I'm in a similar situation to oldirty-we go out with the crane more often than we don't. But for us, it's all about production. You are right, many of our jobs could be pieced and roped down the regular way. But that is slow. Yesterday is a perfect example-23 trees, all in the same town so little travel time. It took me twelve hours with the crane to get them all down. Most of them could have been rigged down, but the landing zones were small, then everything would of needed to been cut small enough to man handle through the gates. I figure we could have done five trees in that twelve hours without the crane. With the crane, a few picks over the house and the tree is done. We make money with the crane, that's why it comes with us.

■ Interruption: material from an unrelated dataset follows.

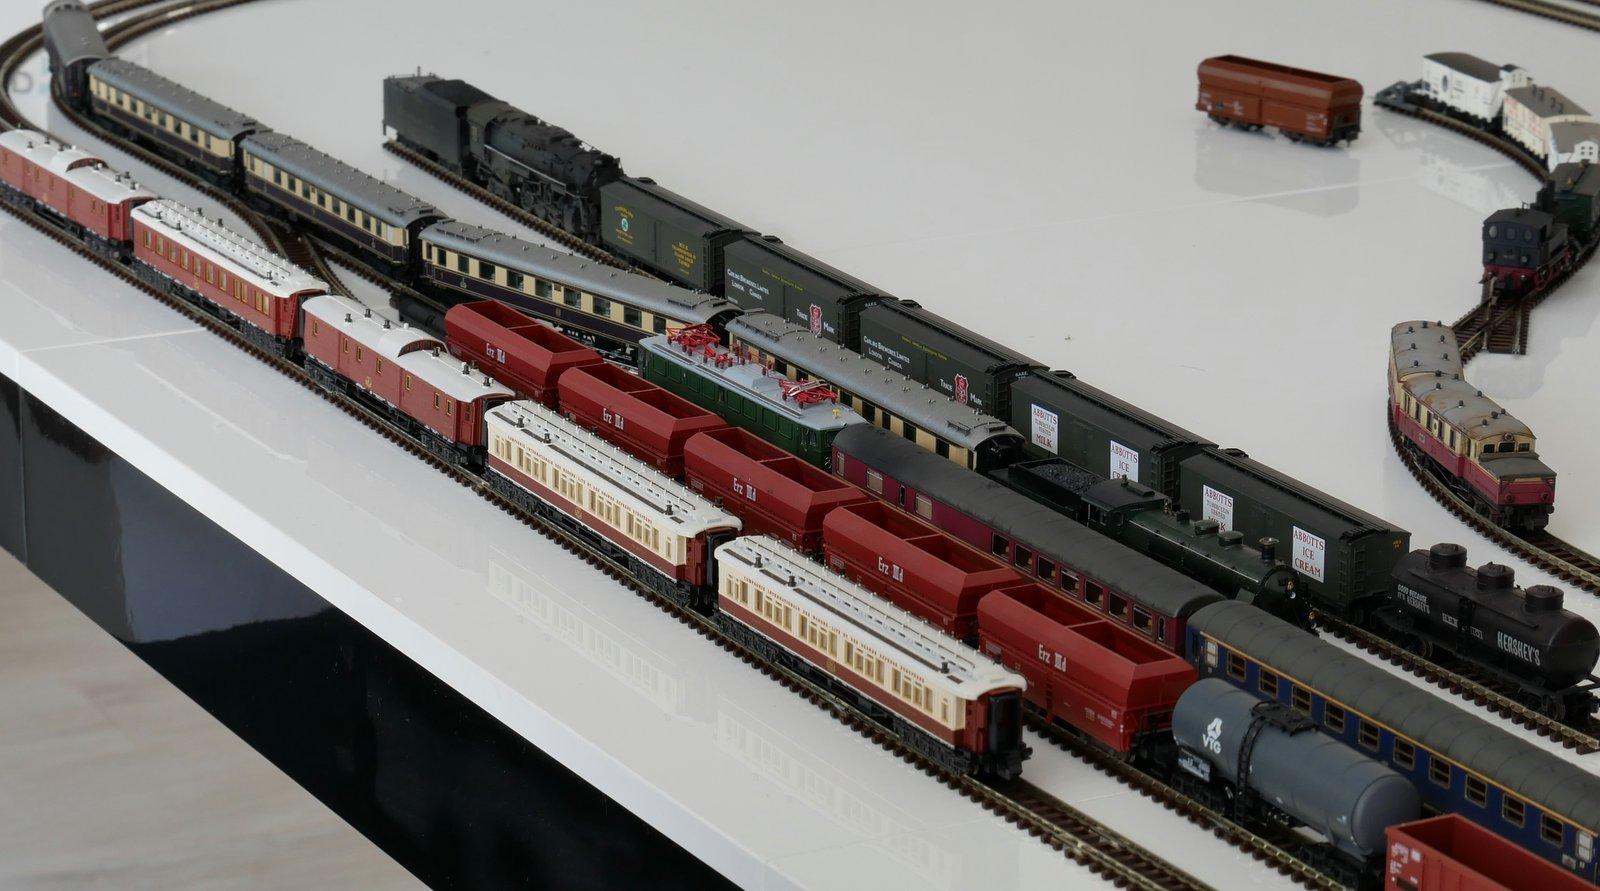 P1190491-001.JPG

You are right though, I'm not the best trimmer. I've done it, without spikes 12+ years ago for several years, but I hated it with a passion. I haven't done a trim in many years so am out of practice these days. I probably would do some flailing without my spikes right now. But I see no need to be a pro without spikes since removal guys are harder to find around here. And frankly, I love what I do-I'm a tree killer and very good at it.


----------



## ropensaddle (May 14, 2010)

beowulf343 said:


> I'm in a similar situation to oldirty-we go out with the crane more often than we don't. But for us, it's all about production. You are right, many of our jobs could be pieced and roped down the regular way. But that is slow. Yesterday is a perfect example-23 trees, all in the same town so little travel time. It took me twelve hours with the crane to get them all down. Most of them could have been rigged down, but the landing zones were small, then everything would of needed to been cut small enough to man handle through the gates. I figure we could have done five trees in that twelve hours without the crane. With the crane, a few picks over the house and the tree is done. We make money with the crane, that's why it comes with us.
> 
> You are right though, I'm not the best trimmer. I've done it, without spikes 12+ years ago for several years, but I hated it with a passion. I haven't done a trim in many years so am out of practice these days. I probably would do some flailing without my spikes right now. But I see no need to be a pro without spikes since removal guys are harder to find around here. And frankly, I love what I do-I'm a tree killer and very good at it.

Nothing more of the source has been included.